Дида спросонья подскочил на месте и, увидев испуганную Марту (кто же знал, что от пощечины он так странно себя поведет, ведь Бабу никогда так не делала!), закричал: «Ах, ты!..» – и потащил ее в спальню.

Мира разговаривала с матерью на кухне, когда вдруг больно кольнуло в груди. Не раздумывая, она направилась в то единственное место, где ее душа уходила в пятки и где она испытывала жгучую Боль…

Она встала в дверях спальни как вкопанная, не в состоянии сойти с места и пыталась зажмуриться, наблюдая происходящее короткими вспышками: вот отец открыл дверцу платяного шкафа, вот щелкает выбранным ремнем, вот – занес руку над Мартой…

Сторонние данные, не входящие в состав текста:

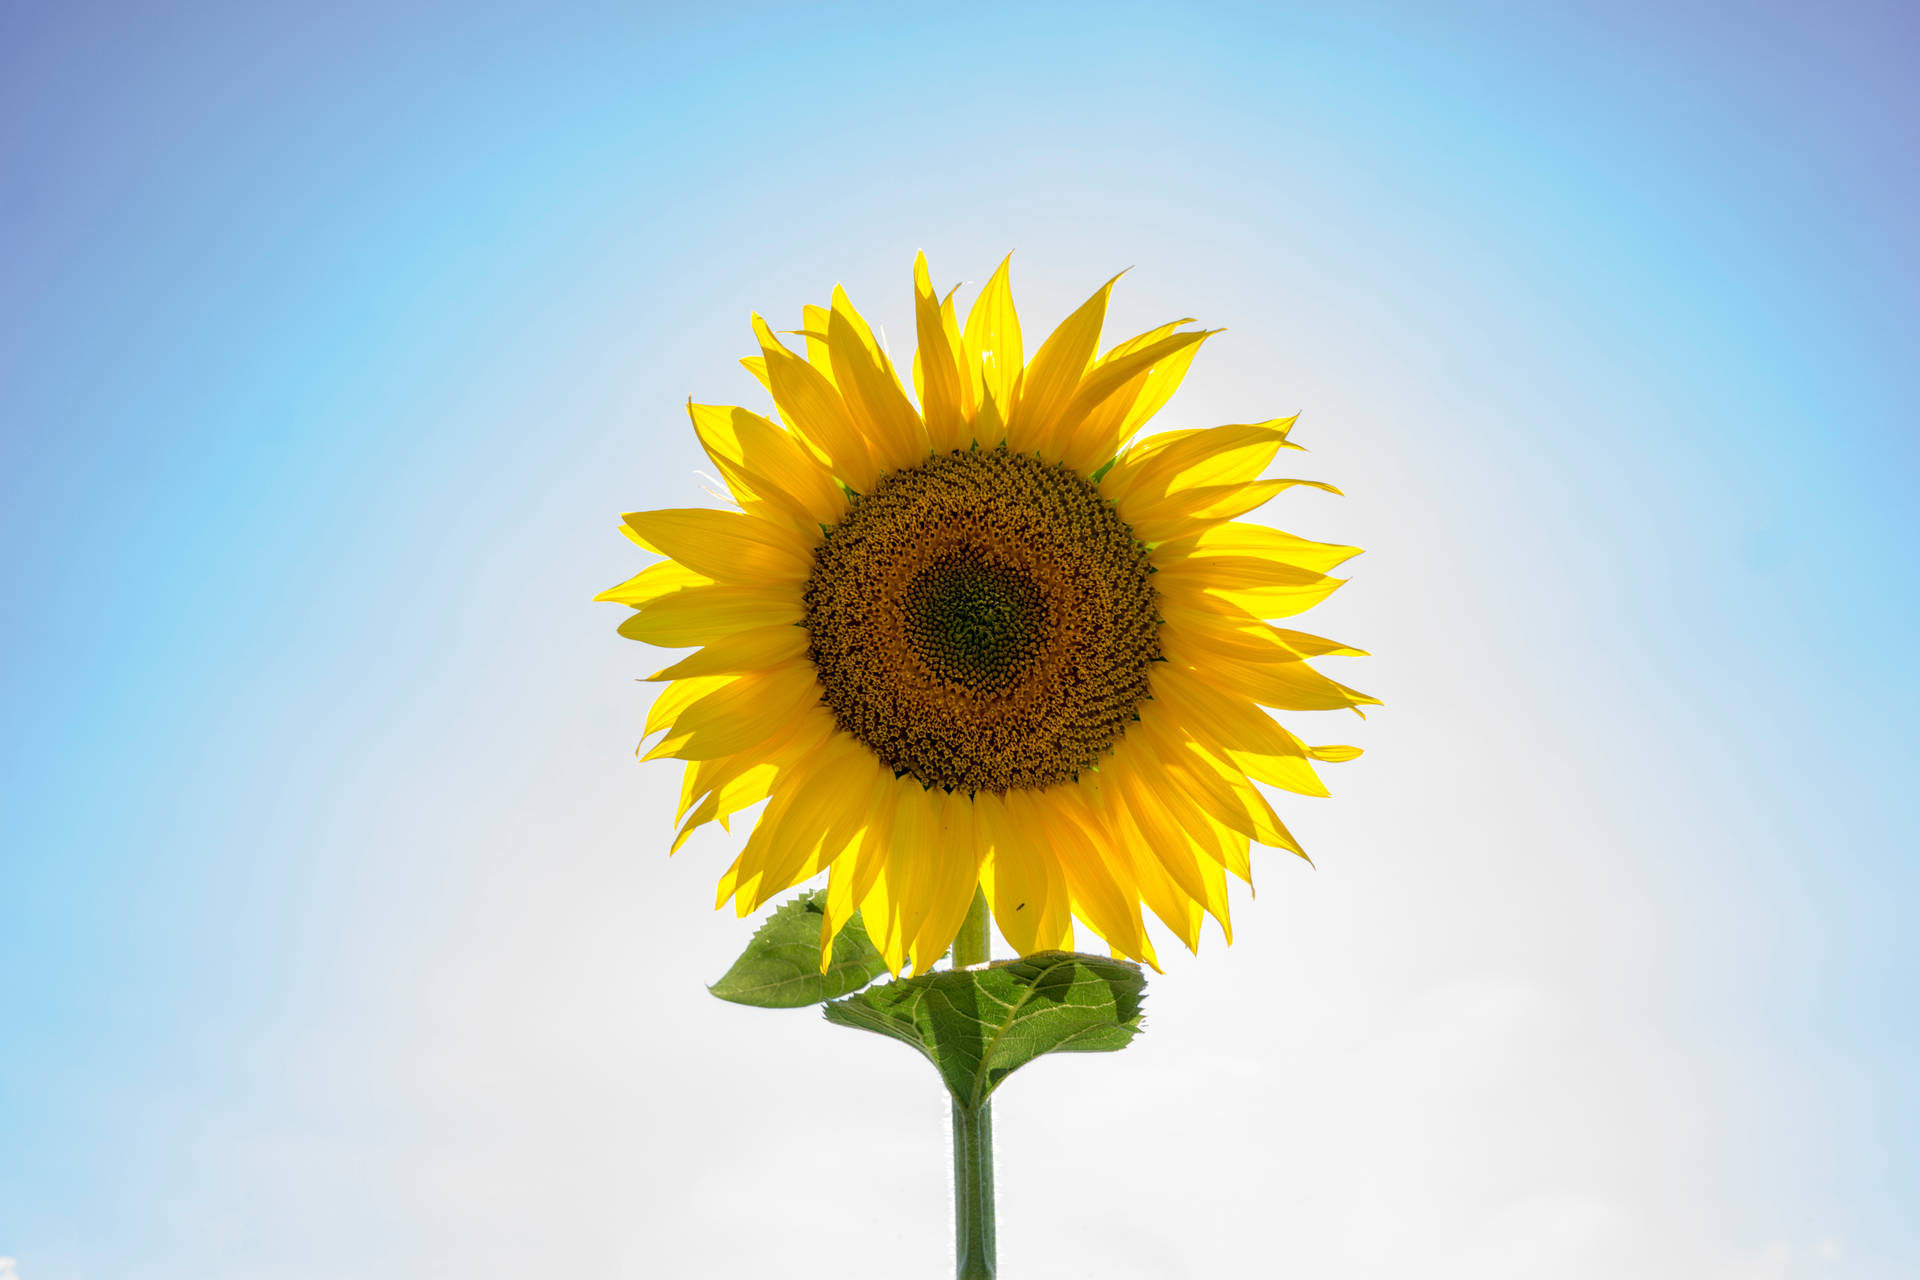 Giant Sunflower On A Sunny Day Wallpaper

Зажмурившись, Мира набрала в легкие воздух и перестала дышать: «Нельзя проявлять эмоции. Ни за что нельзя. Будет только хуже». Ей показалось вечностью мгновенье, которое стало бы олицетворением Первого Наказания, первой жгучей Боли ее маленькой Марты, которая совсем не понимала, зачем ее привели в эту комнату и что ее ожидает. Миру мутило, ноги подкашивались, нутро сжалось в ожидании хлесткого шлепка – но прошло несколько секунд, а ужасного звука так и не последовало. Она открыла глаза и впервые в жизни увидела долгожданную картину, которую рисовала в своем воображении все свое детство: подоспевшая мама крепко держала отца за занесенную руку.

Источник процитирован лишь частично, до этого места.